It is clinically appropriate to offer endocrine therapy alone to patients with node-negative disease when the recurrence score is below 11.
—Clifford Hudis, MD
Clifford Hudis, MD, Chief of the Breast Medicine Service at Memorial Sloan Kettering Cancer Center, New York, said the findings suggest there is essentially no meaningful benefit from chemotherapy in the recurrence score low-risk subset.
“It is clinically appropriate to offer endocrine therapy alone to patients with node-negative disease when the recurrence score is below 11,” he said as a discussant of the trials results presented at the Presidential Session of the 2015 European Cancer Congress.

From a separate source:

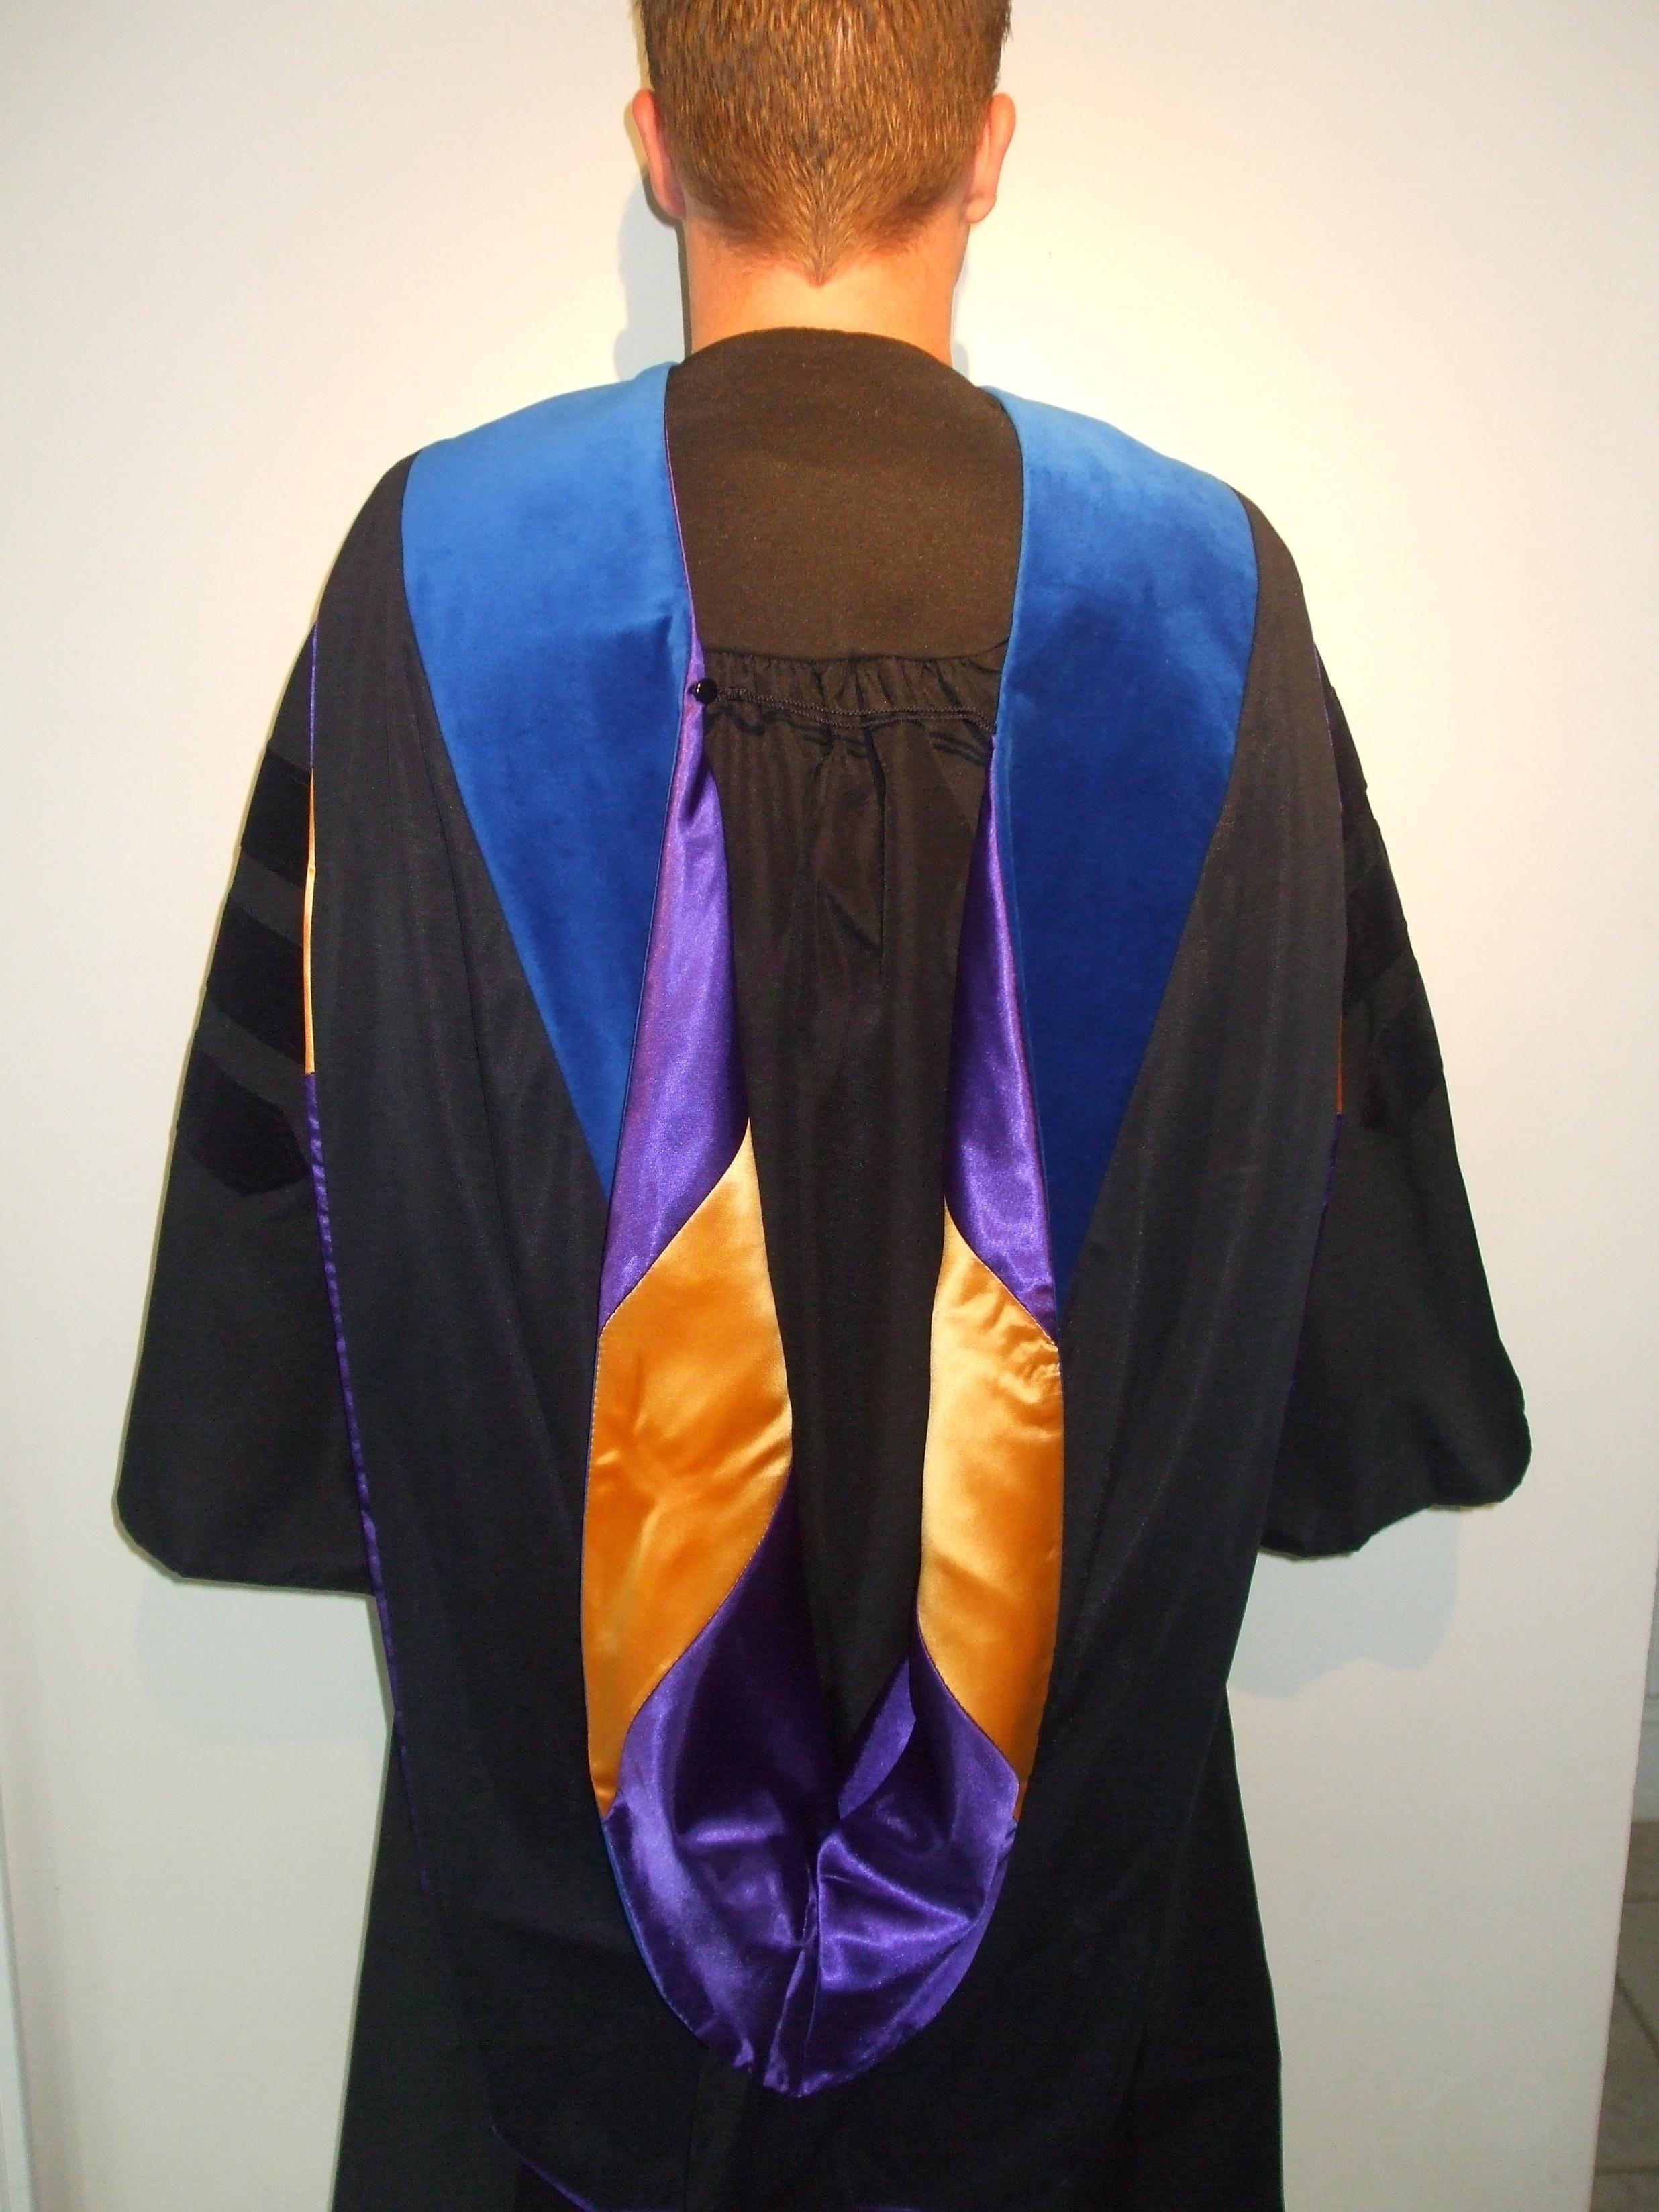 Souvenir Regalia : Graduation Supplies | Caps and Gowns, Tassels ...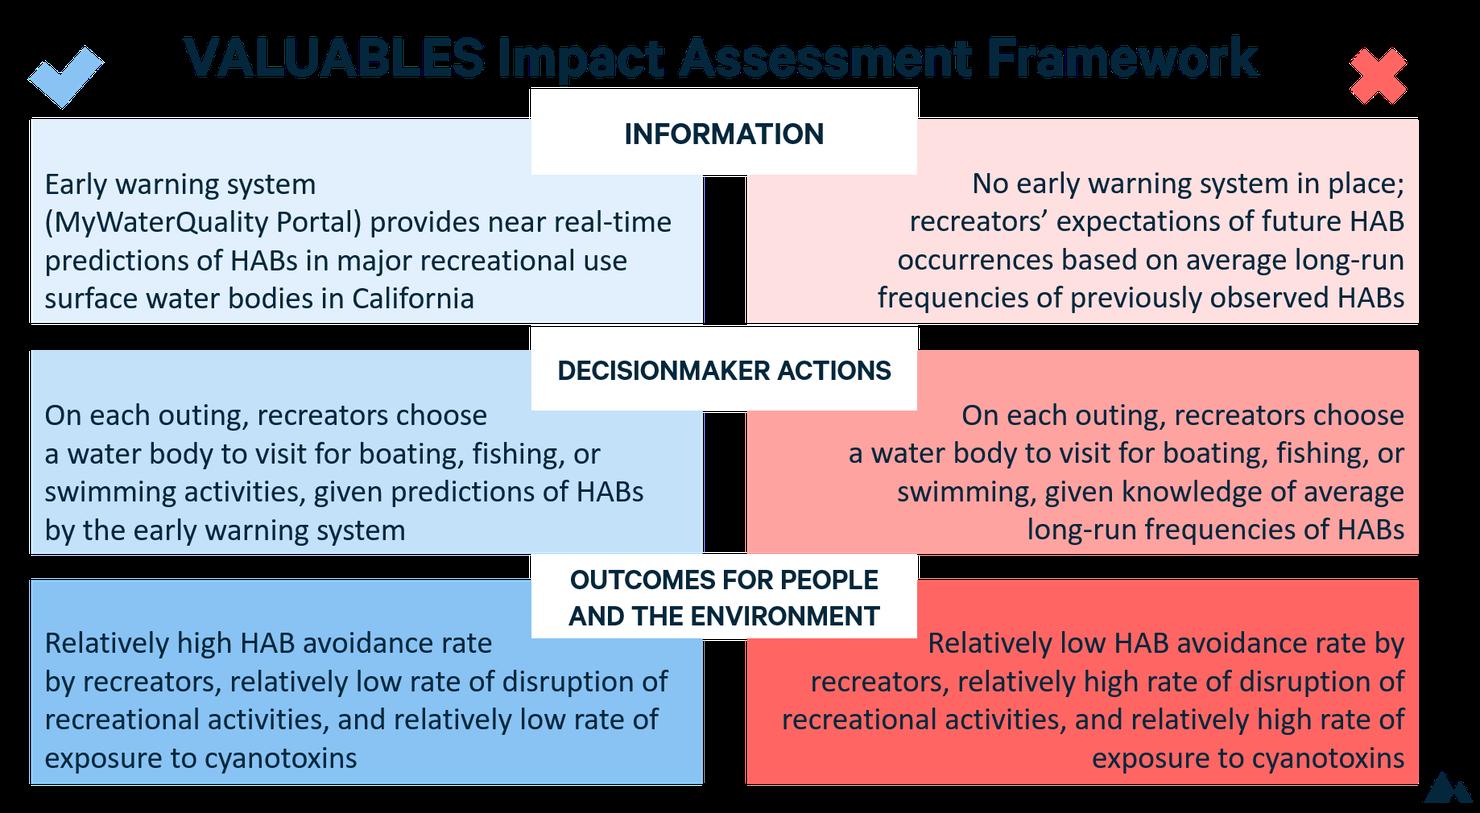 Steve Newbold GABS impact assessment framework

However, in his editorial in The New England Journal of Medicine, he suggested the results are “both reassuring and frustrating” and questioned whether clinicians might be confused by the modification of the risk scoring in the study.1 “For the many physicians already using the test, the gap between this [low-risk] cutoff point of 10 and the higher ‘standard’ cutoff point of 18 may be a concern,” Dr. Hudis said.
Conflicting Guides to Treatment
“There will be two conflicting guides to their treatment that need to be reconciled: the cutoff point used in this trial and the previously available cutoff point that is associated with the commercial test,” he explained.
Dr. Hudis added that risk (ie, prognosis) is related to both biology and anatomic presentation and that risk reductions are related to anatomic presentation, but only within appropriately identified and responsive biologic subsets, according to the results.
“The prediction of the benefit of chemotherapy remains to be validated,” he continued. “The key TAILORx result still pends: Does chemotherapy add for scores of 11–25? But, if it does, was 11 the right cut point? And what do we do about patients in the 11–18 range, given the commercial reports?” Efforts to answer these questions, he said, are part of the “many steps needed in the march to precision.” ■
Disclosure: Dr. Hudis reported no potential conflicts of interest.
1. Hudis CA: Biology before anatomy in early breast cancer: Precisely the point. Editorial. N Engl J Med. September 28, 2015 (early release online).